The United States Patent and Trademark Office released new guidance on artificial intelligence and inventorship on November 28, 2025, clarifying that the same standards for inventorship apply to all inventions regardless of whether AI was used in their creation.
Under the previous standards, inventorship analysis for AI-assisted inventions relied heavily on legal principles developed for joint inventorship among multiple human beings, particularly the Pannu factors. Those factors assessed whether each human contributor made a significant and non-trivial contribution to conception. The traditional approach treated AI involvement as raising a question similar to whether another “person-like” entity contributed to the invention. At the same time, long-standing case law made clear that only natural persons can be inventors and that inventorship hinges on the traditional conception standard. That is, an inventor must form in their own mind a definite and permanent idea of the complete invention. Conception required knowledge of all claim limitations and the ability to articulate the invention with particularity. AI could assist like any other tool but could not itself be named as an inventor.

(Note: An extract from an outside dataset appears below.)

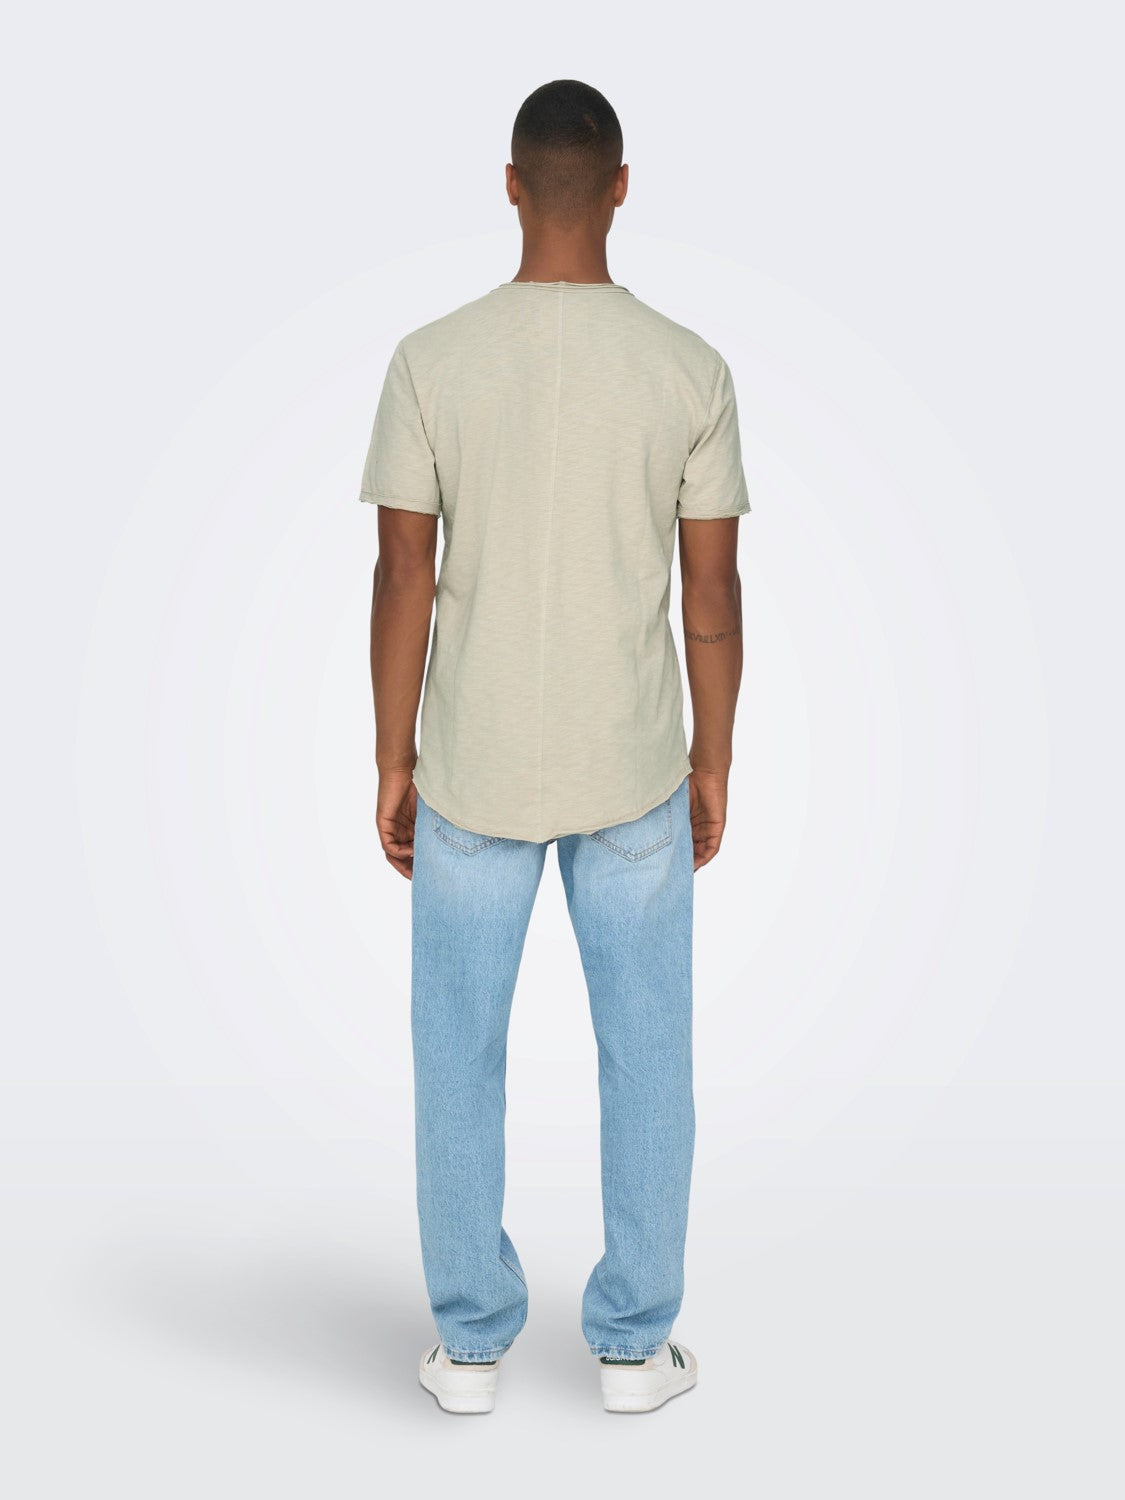 ONLY & SONS T-SHIRT BASIC  - Col. Beige

Under the new USPTO proposal, the prior 2024 guidance is replaced with a unified rule: The same inventorship standard applies to all inventions, whether or not AI was used. There is no alternative test for AI-assisted inventions.
The central question is always whether a human inventor conceived the claimed invention under the traditional conception framework. AI systems are treated as tools, similar to lab equipment, software, or databases. When a single human develops an invention with AI assistance, the only issue is whether that human formed the complete mental conception of the invention. When multiple people contribute, normal joint-inventorship rules apply, but only among the humans. AI is never considered a co-inventor. The use of AI does not change the inventorship analysis, and applications listing AI as an inventor must be rejected.
The proposal also clarifies that this inventorship framework applies equally to design patents. Because design patents use the same inventorship standard as utility patents, the key inquiry remains whether a human conceived the design itself, even if AI tools aided in generating images or variations. For plant patents, inventorship requires that the human inventor not only appreciate the new plant variety but also contribute to its creation. This standard continues to apply even when AI tools assist in designing, predicting, or selecting plant traits.
Finally, the new guidance establishes rules for priority and benefit claims. Any U.S. application or patent claiming priority to an earlier U.S. or foreign filing must share at least one human inventor in common with the earlier application. A priority claim cannot rely on a foreign filing that names only an AI system as an inventor, because such an application lacks any natural person who could serve as the required common inventor. If a foreign application names both humans and AI systems, the U.S. application must list only the human inventors when making the priority claim. The same rule applies when an international application entering the U.S. national stage lists AI as a purported inventor: The applicant must correct the record by naming only the humans who contributed to conception.